I have a customer who has asked me what I think but I don't know since I've never heard of let alone handled or installed one. I've been to their website and it seems as if it might be a decent faucet, then again it could be crap. 

Anybody have any first hand experience good or bad? I'd like to be able to tell my client something better than just what I think it might be.


----------



## GREENPLUM (Jul 27, 2008)

*First!*



smellslike$tome said:


> I have a customer who has asked me what I think but I don't know since I've never heard of let alone handled or installed one. I've been to their website and it seems as if it might be a decent faucet, then again it could be crap.
> 
> Anybody have any first hand experience good or bad? I'd like to be able to tell my client something better than just what I think it might be.


 
Junk , stick with Delta or Moen, or let customers buy there own faucets


----------



## smellslike$tome (Jun 16, 2008)

GREENPLUM said:


> Junk , stick with Delta or Moen, or let customers buy there own faucets


Can you be more specific? Why do you say they are junk? Do you have personal experience with them?

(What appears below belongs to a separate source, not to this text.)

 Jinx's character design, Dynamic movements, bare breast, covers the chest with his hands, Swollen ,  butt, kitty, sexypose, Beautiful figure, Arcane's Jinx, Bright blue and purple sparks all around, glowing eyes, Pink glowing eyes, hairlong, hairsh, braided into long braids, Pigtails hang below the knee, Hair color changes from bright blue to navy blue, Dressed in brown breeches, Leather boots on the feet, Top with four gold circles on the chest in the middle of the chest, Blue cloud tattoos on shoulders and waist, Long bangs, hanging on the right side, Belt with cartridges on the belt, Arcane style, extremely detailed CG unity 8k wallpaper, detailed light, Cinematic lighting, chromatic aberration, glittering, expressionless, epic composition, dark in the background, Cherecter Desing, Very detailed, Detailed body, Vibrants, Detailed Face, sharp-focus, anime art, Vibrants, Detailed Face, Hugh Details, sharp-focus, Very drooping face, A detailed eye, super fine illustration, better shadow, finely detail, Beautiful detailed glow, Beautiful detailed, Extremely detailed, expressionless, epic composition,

I despise Delta which truly has become junk imo. Oh yeah, nobody jump on me for hating Delta! If you like them, fine, live and let live. I'm just looking for info on Vigo, I've no interest in a pissing match.


----------



## GREENPLUM (Jul 27, 2008)

smellslike$tome said:


> Can you be more specific? Why do you say they are junk? Do you have personal experience with them?
> 
> I despise Delta which truly has become junk imo. Oh yeah, nobody jump on me for hating Delta! If you like them, fine, live and let live. I'm just looking for info on Vigo, I've no interest in a pissing match.


no i do not have personal experience with Vigo.

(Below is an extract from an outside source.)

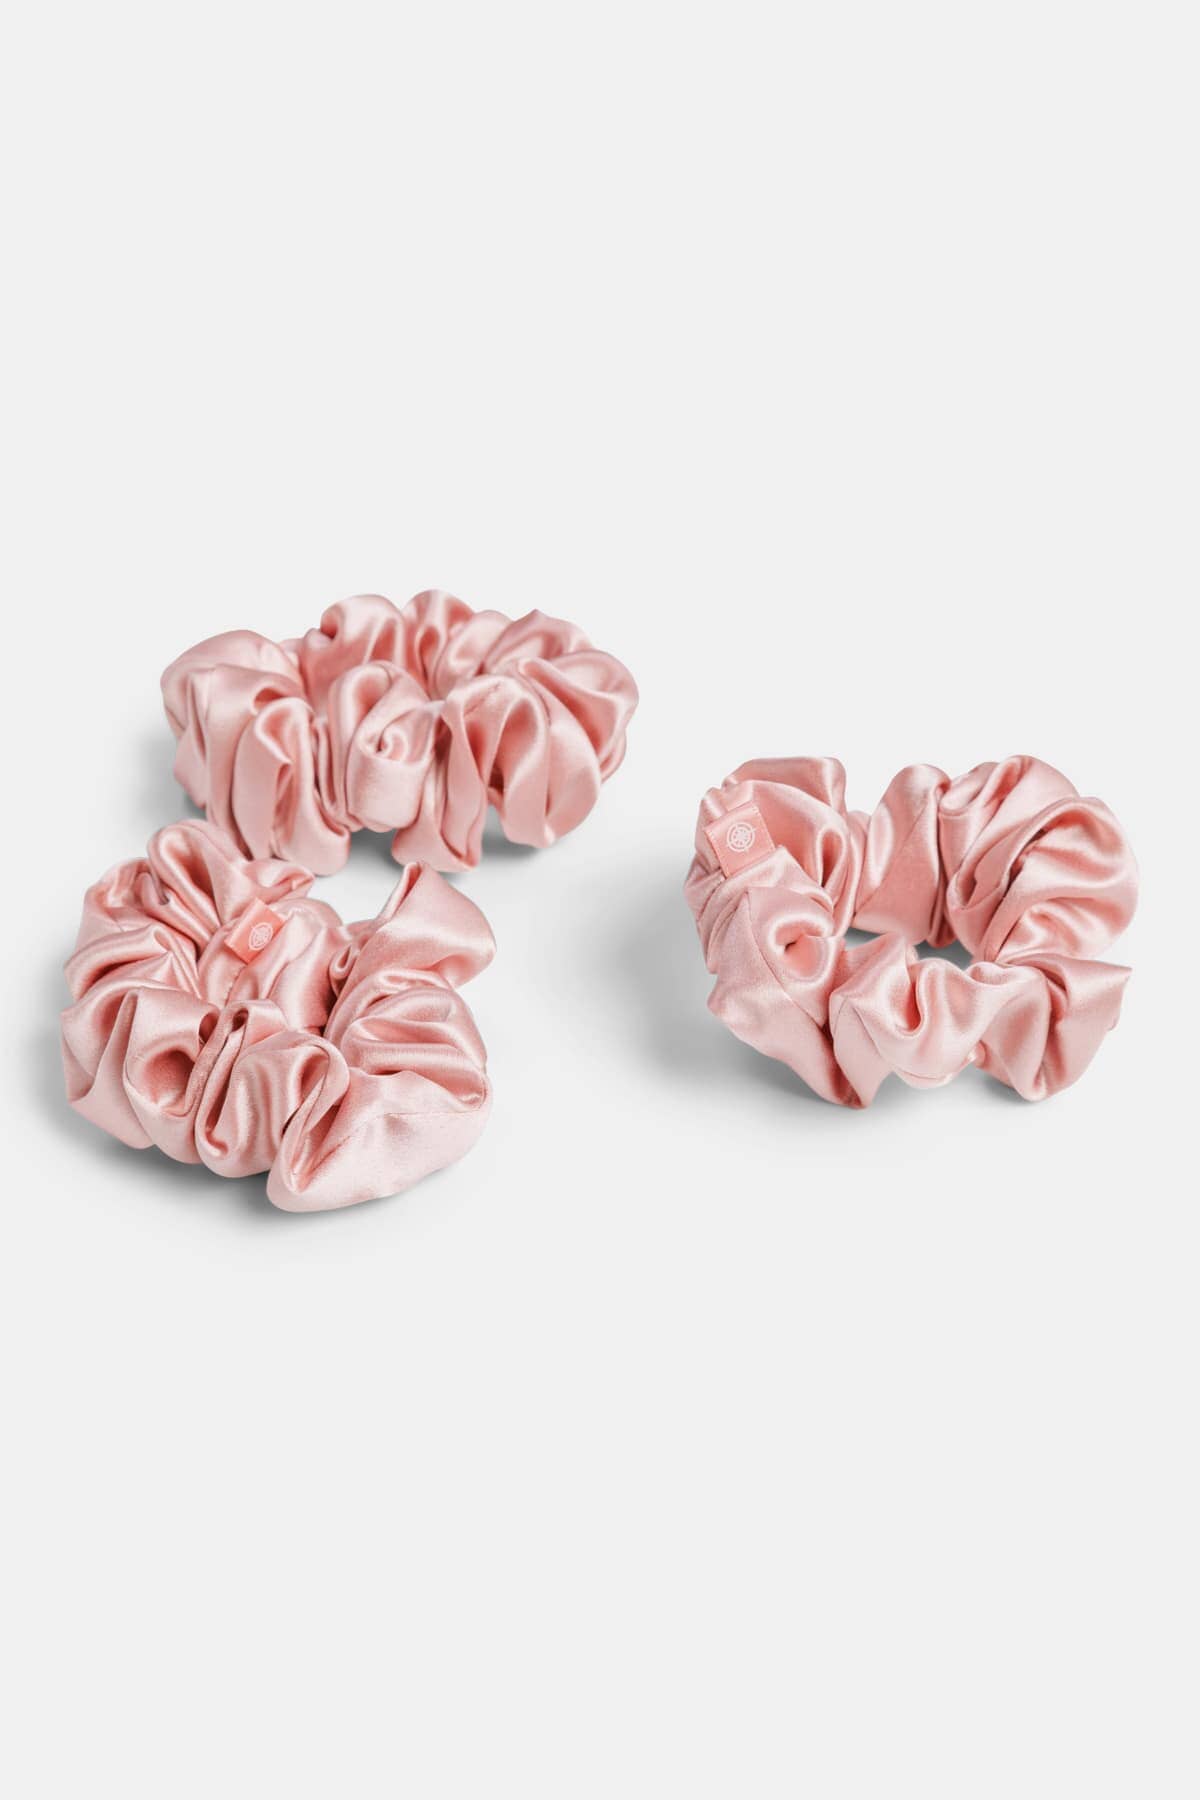 100% Pure Mulberry Silk Hair Scrunchies with Gift Box - Set of 3 Large Hair Ties Womens>Beauty>Hair Care Fishers Finery Pink

but i have had experence with foo foo faucets like it and I think there junk that i would never reccomend to a customer.

I pass this info to the customer and let them purchase faucets like this.

Do you really want to supply faucets like this??







this is a Vigo Faucet


----------



## Don The Plumber (Feb 14, 2010)

smellslike$tome said:


> Can you be more specific? Why do you say they are junk? Do you have personal experience with them?
> 
> I despise Delta which truly has become junk imo. Oh yeah, nobody jump on me for hating Delta! If you like them, fine, live and let live. I'm just looking for info on Vigo, I've no interest in a pissing match.


 No need to worry. TM is gone:laughing:

But I must add, whenever I go to a service call for drippy faucet, I love it if it's a Delta.:yes: I'd hate to see a Vigo. 

I agree though, Delta is getting more & more cheaply made, thanks to box stores. Sorry no exp. with Vigo.


----------



## user4 (Jun 12, 2008)

Vigo really wants to be a dealer in the high end market, but at the same time offer their product at a price that competes with Moen, Delta, and Danze, you really can't have it both ways. Designers won't spec it because the quality is not close to Grohe, WaterWorks, or any of the lower end manufacturers in the high end market. In the long run it really is true that you get what you pay for, I installed their product on a couple of jobs, in both case the manufacturer basically gave the designer or GC the product, and we had nothing but problems with it from rough in to finish, and most of it ended up getting removed.

Vigo has only been around for ten years or so, maybe given another ten they can figure it out.


----------



## plbgbiz (Aug 27, 2010)

Very rarely do exceptional style and exceptional quality meet on the same product. I would say it be near impossible for the two to coincide with low price.


----------